Segment Start: Data below

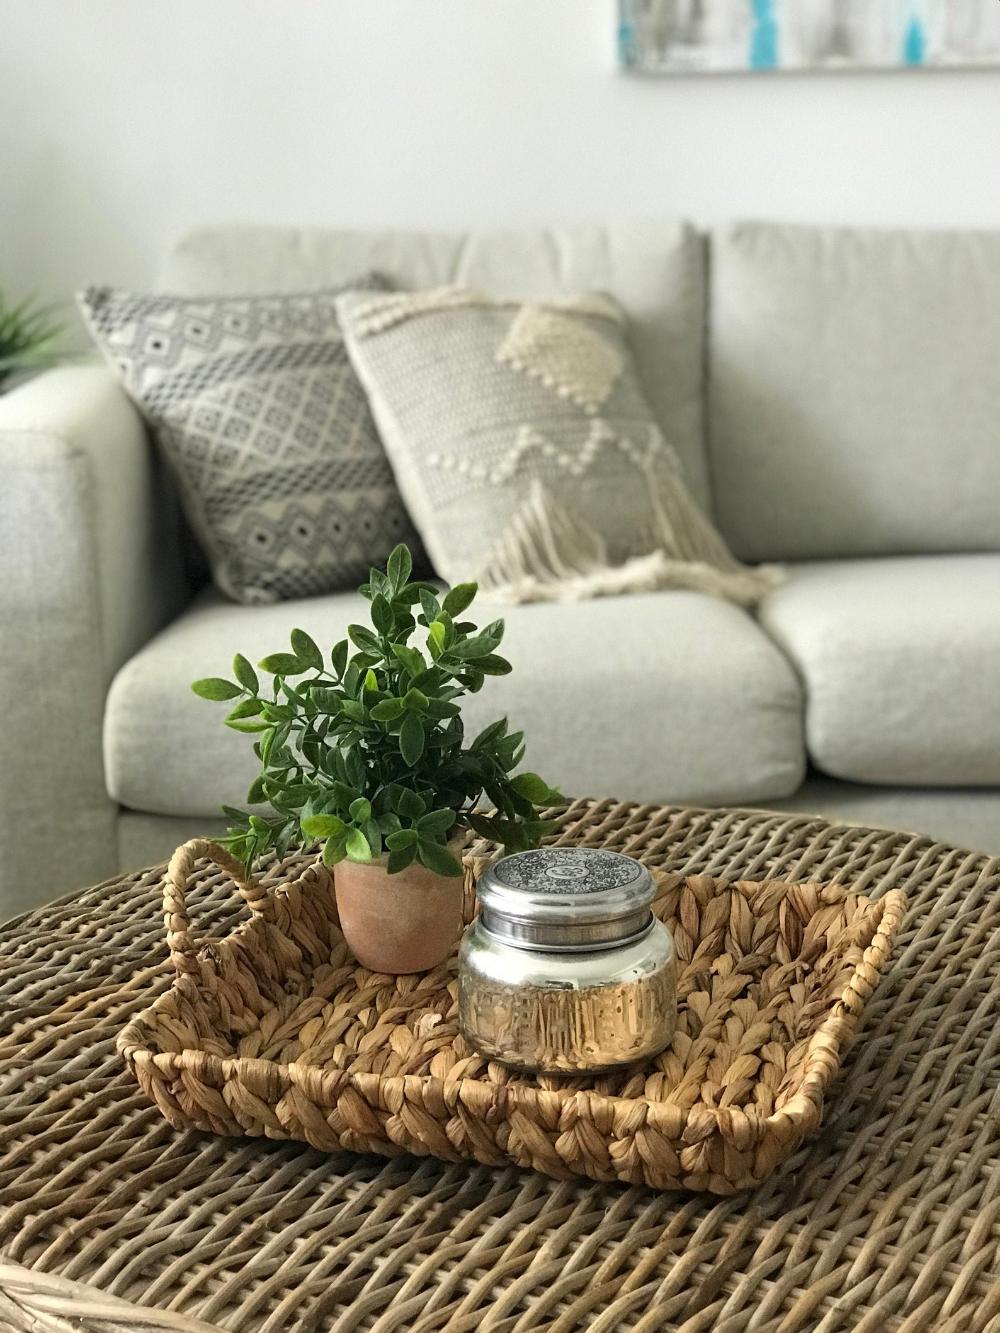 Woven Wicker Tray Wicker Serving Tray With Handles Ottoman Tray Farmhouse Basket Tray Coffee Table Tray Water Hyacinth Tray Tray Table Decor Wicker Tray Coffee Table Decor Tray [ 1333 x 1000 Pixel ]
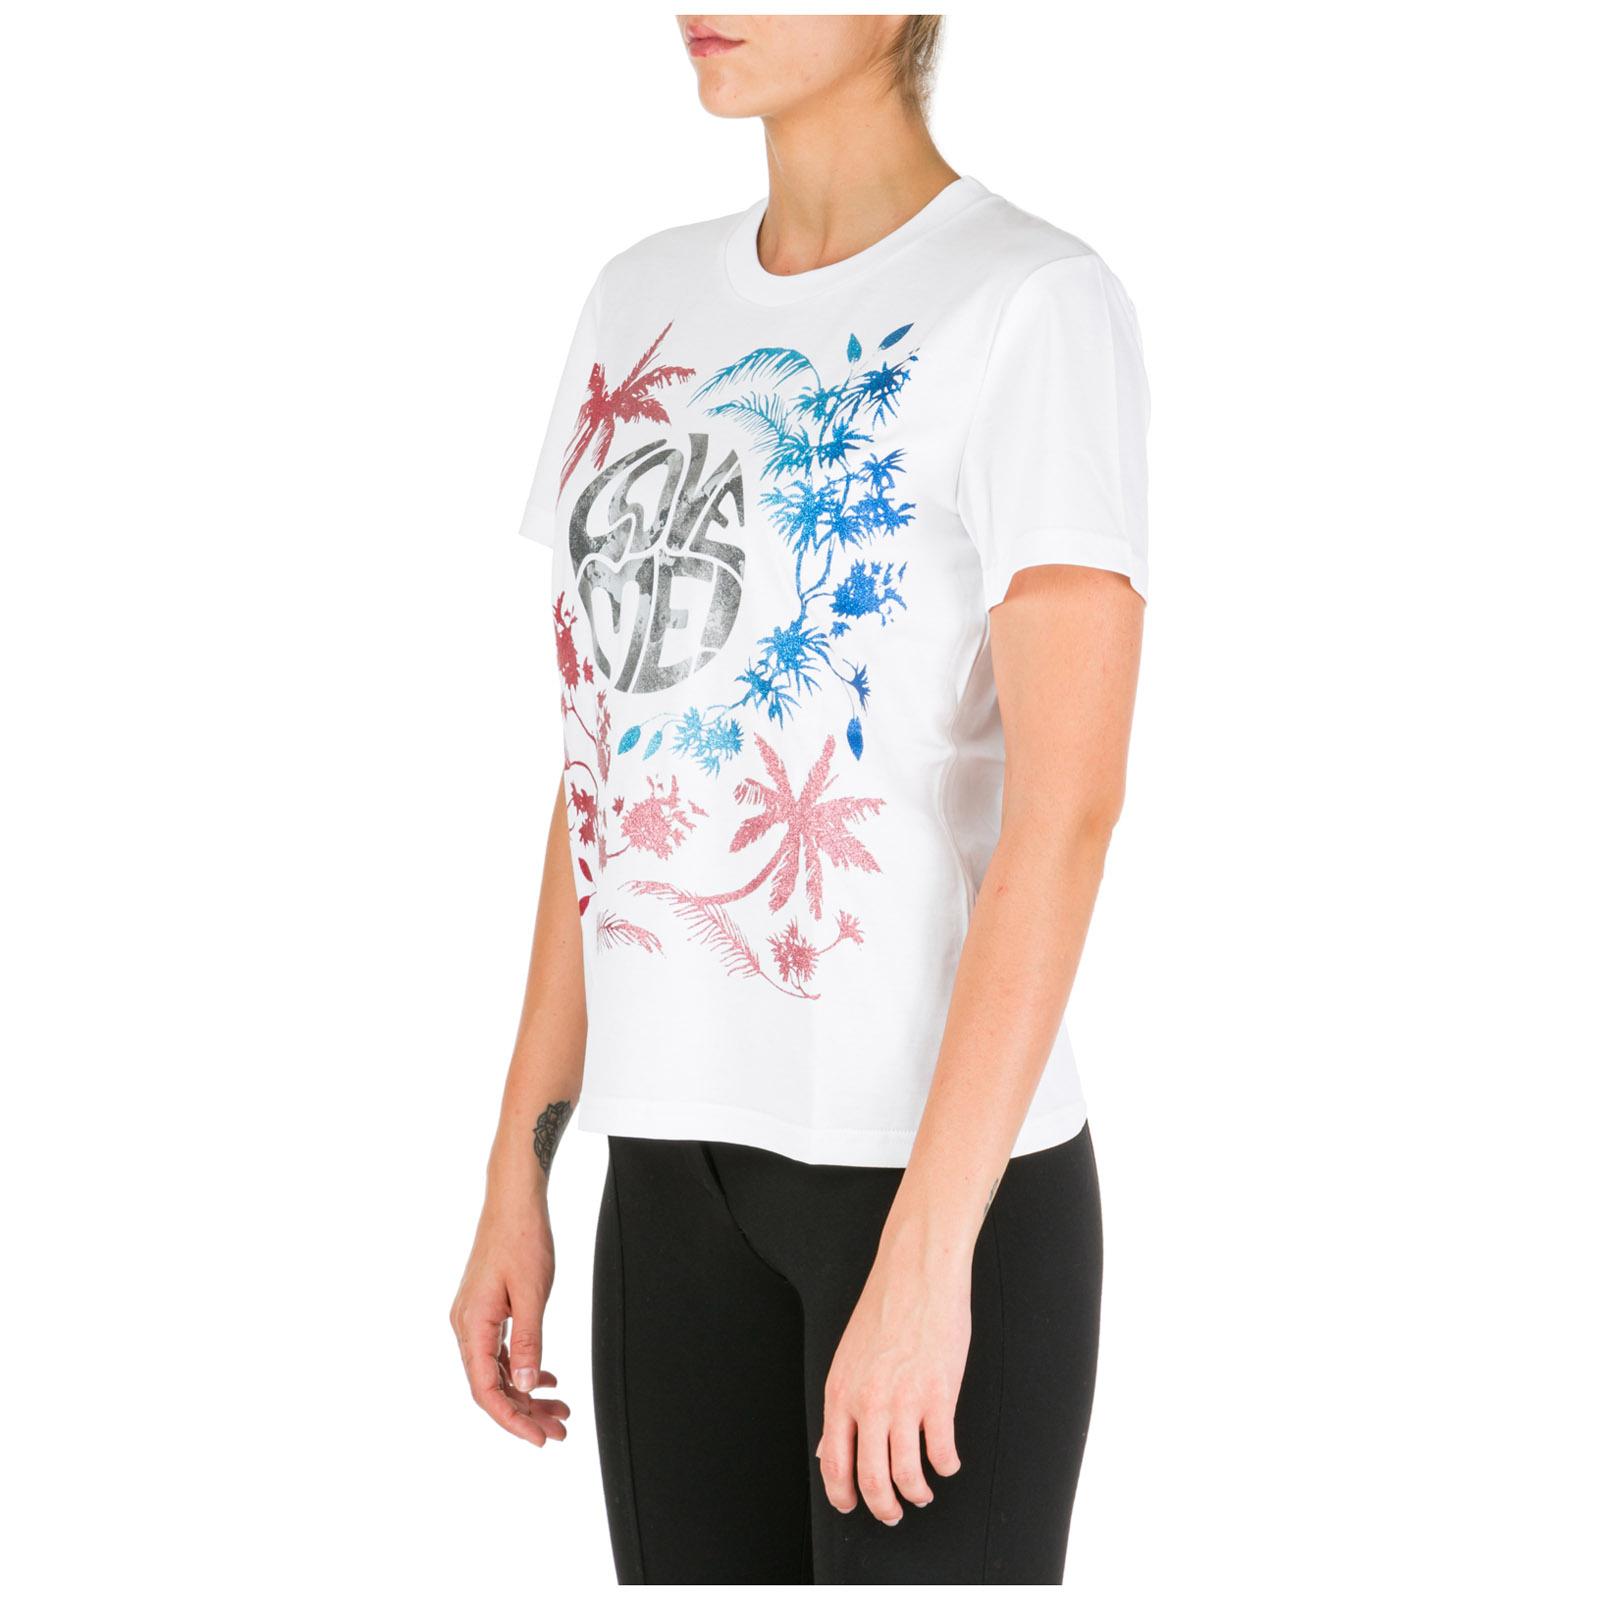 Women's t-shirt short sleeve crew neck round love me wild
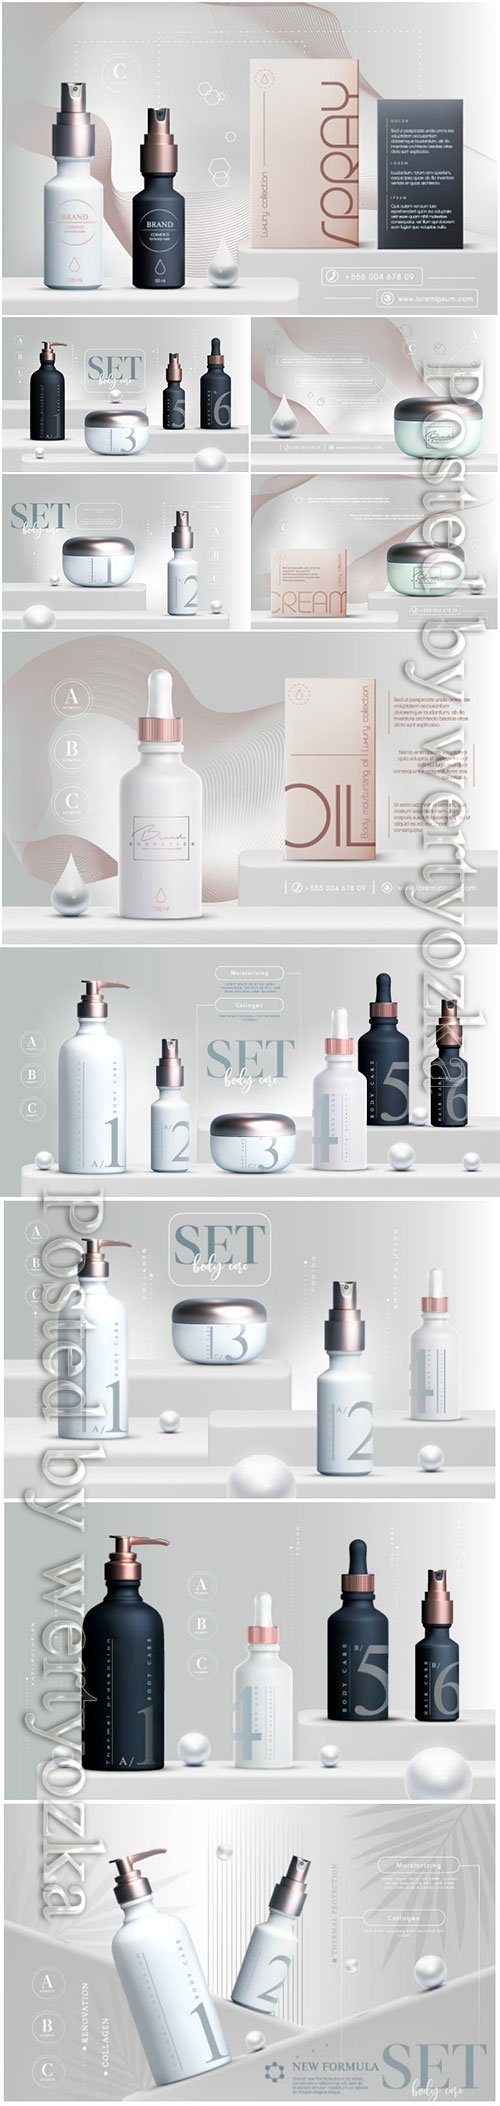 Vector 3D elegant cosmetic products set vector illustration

Segment End: Data below

→ Work item
All lines from the one containing "Women's t-shirt short" through the end of the data are to be restated exactly, with nothing else and without the pictures.

→ Result
 Women's t-shirt short sleeve crew neck round love me wild
 Vector 3D elegant cosmetic products set vector illustration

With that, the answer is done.